## [PROBLEM TO WORK ON]
This calls for a word-for-word copy of all the data, with each picture removed.

## [SUPPLIED DATA]
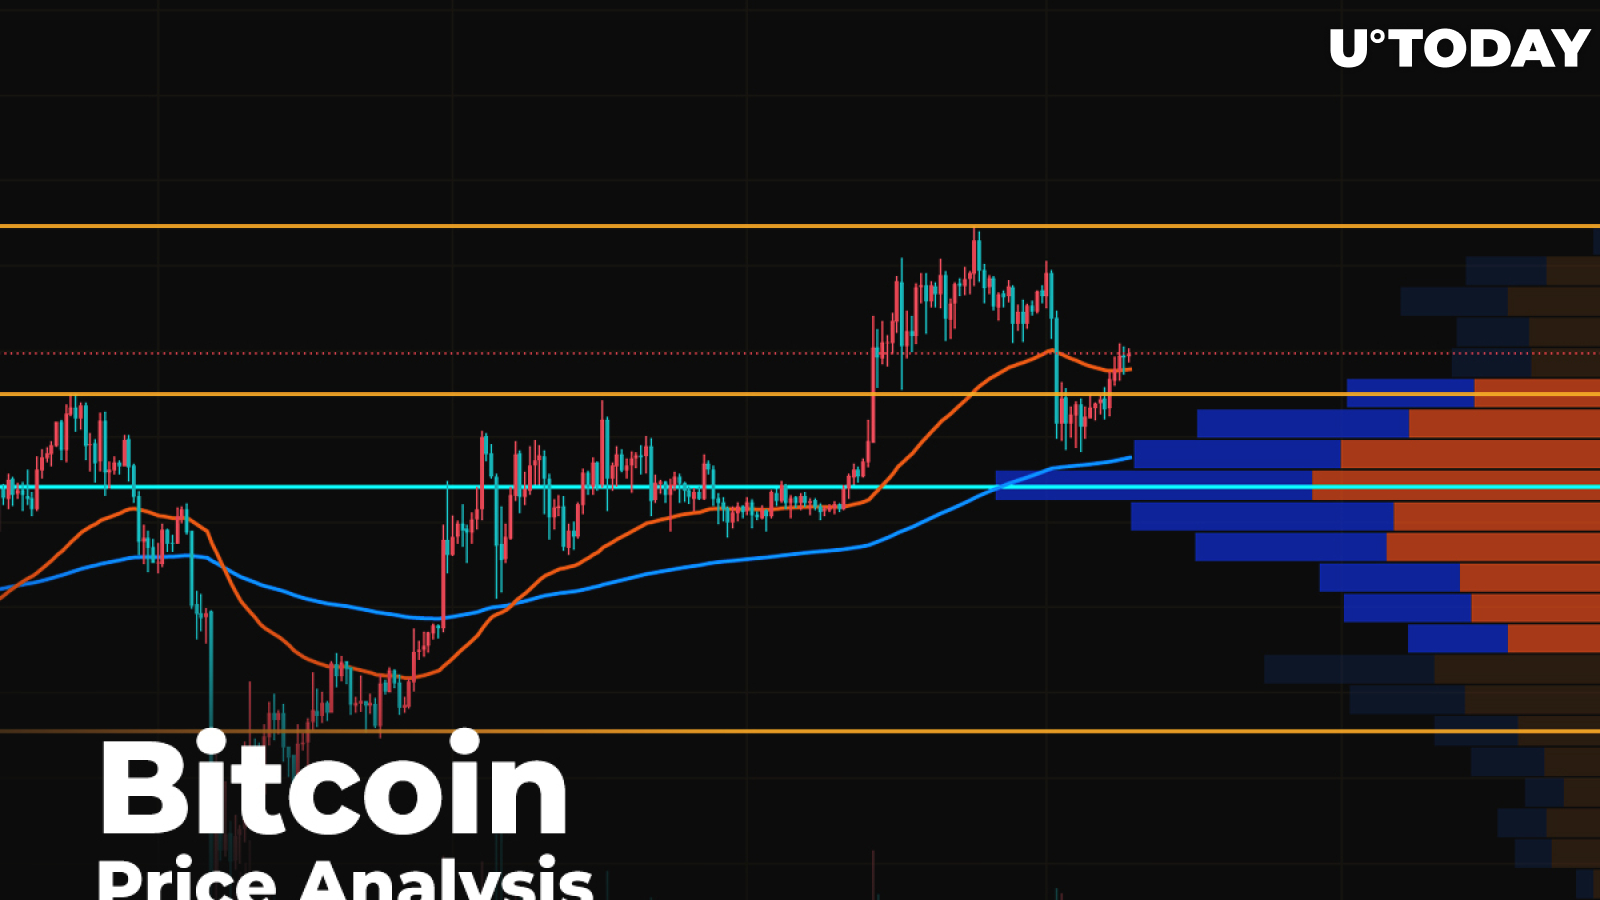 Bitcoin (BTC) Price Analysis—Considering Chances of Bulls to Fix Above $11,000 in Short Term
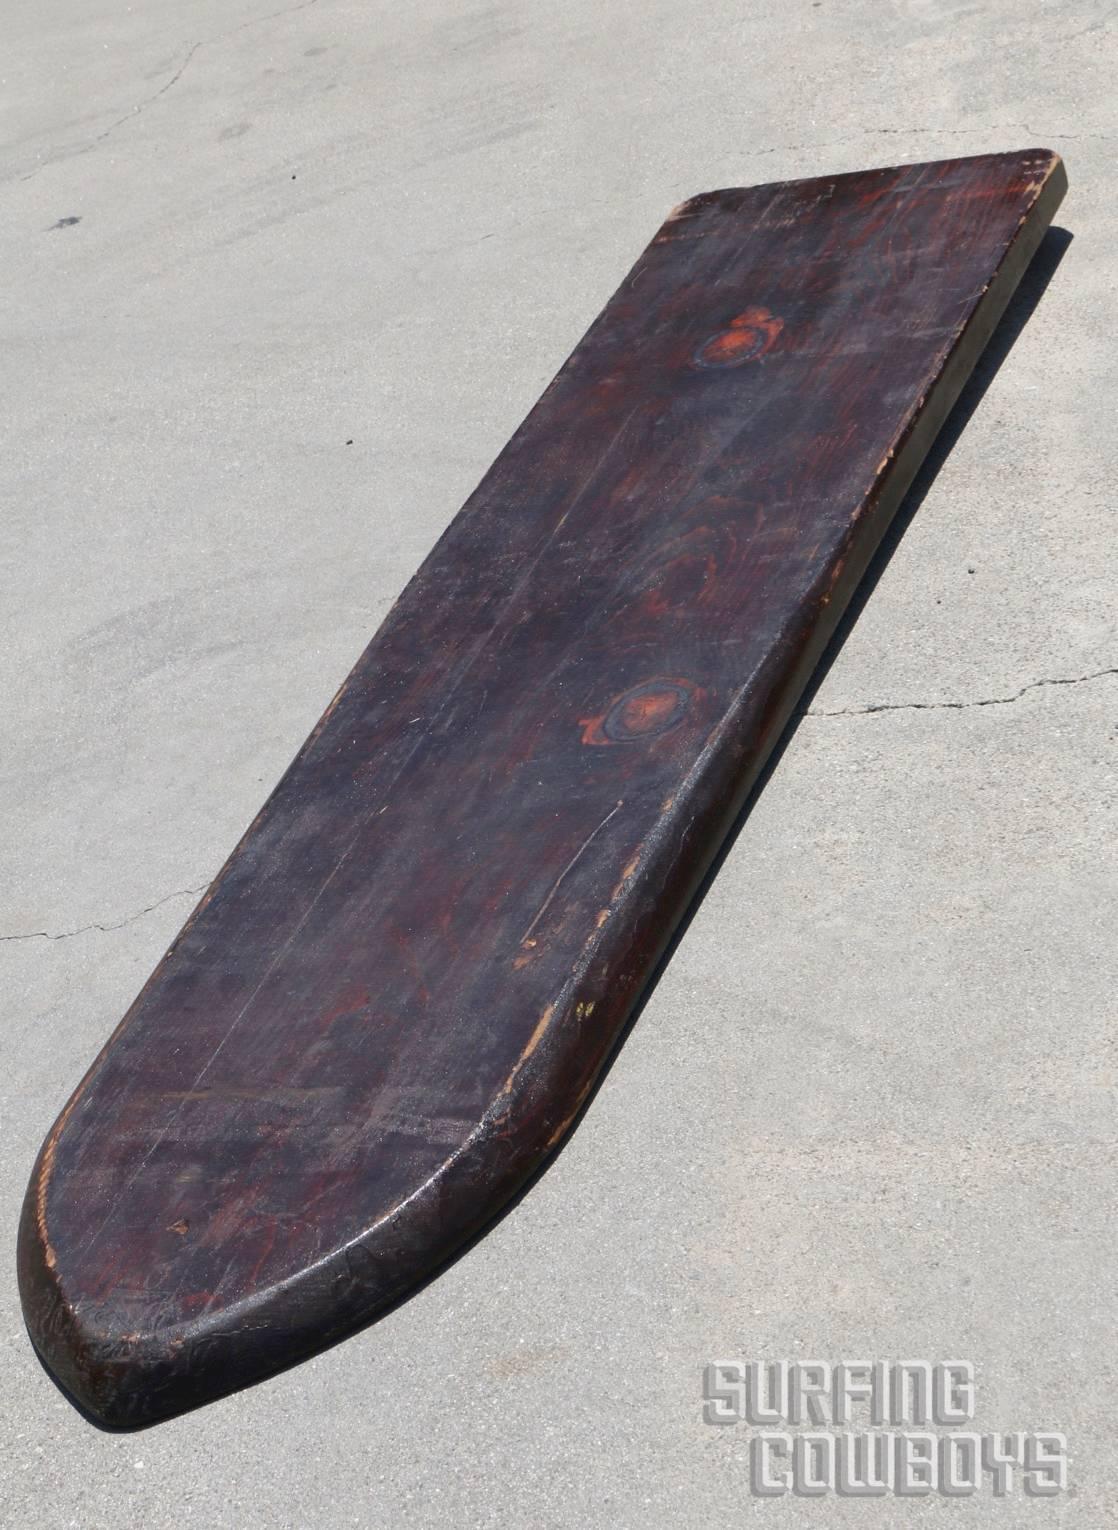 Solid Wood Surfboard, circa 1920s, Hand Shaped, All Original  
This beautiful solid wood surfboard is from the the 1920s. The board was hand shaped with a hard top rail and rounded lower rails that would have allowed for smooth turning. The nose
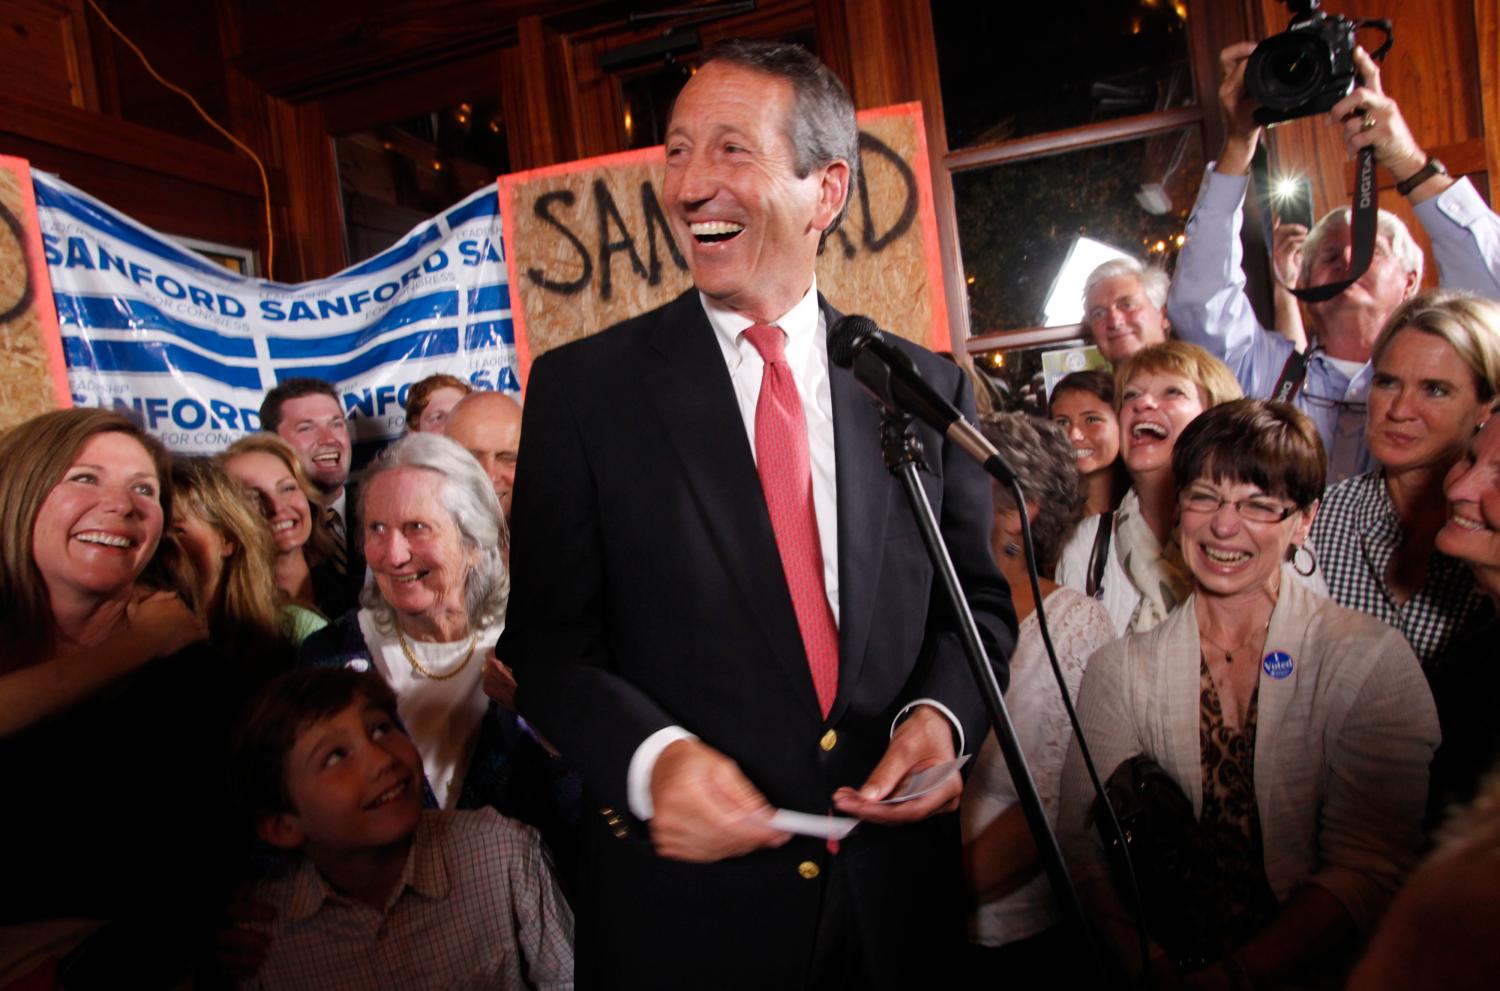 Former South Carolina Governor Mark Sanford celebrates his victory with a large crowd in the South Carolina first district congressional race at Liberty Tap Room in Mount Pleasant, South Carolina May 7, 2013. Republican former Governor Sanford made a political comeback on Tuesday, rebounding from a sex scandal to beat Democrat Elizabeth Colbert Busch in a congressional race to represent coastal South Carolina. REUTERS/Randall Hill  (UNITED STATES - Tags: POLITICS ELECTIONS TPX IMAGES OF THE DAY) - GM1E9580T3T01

## [WRITTEN ANSWER]
 Bitcoin (BTC) Price Analysis—Considering Chances of Bulls to Fix Above $11,000 in Short Term
 Solid Wood Surfboard, circa 1920s, Hand Shaped, All Original  
This beautiful solid wood surfboard is from the the 1920s. The board was hand shaped with a hard top rail and rounded lower rails that would have allowed for smooth turning. The nose
 Former South Carolina Governor Mark Sanford celebrates his victory with a large crowd in the South Carolina first district congressional race at Liberty Tap Room in Mount Pleasant, South Carolina May 7, 2013. Republican former Governor Sanford made a political comeback on Tuesday, rebounding from a sex scandal to beat Democrat Elizabeth Colbert Busch in a congressional race to represent coastal South Carolina. REUTERS/Randall Hill  (UNITED STATES - Tags: POLITICS ELECTIONS TPX IMAGES OF THE DAY) - GM1E9580T3T01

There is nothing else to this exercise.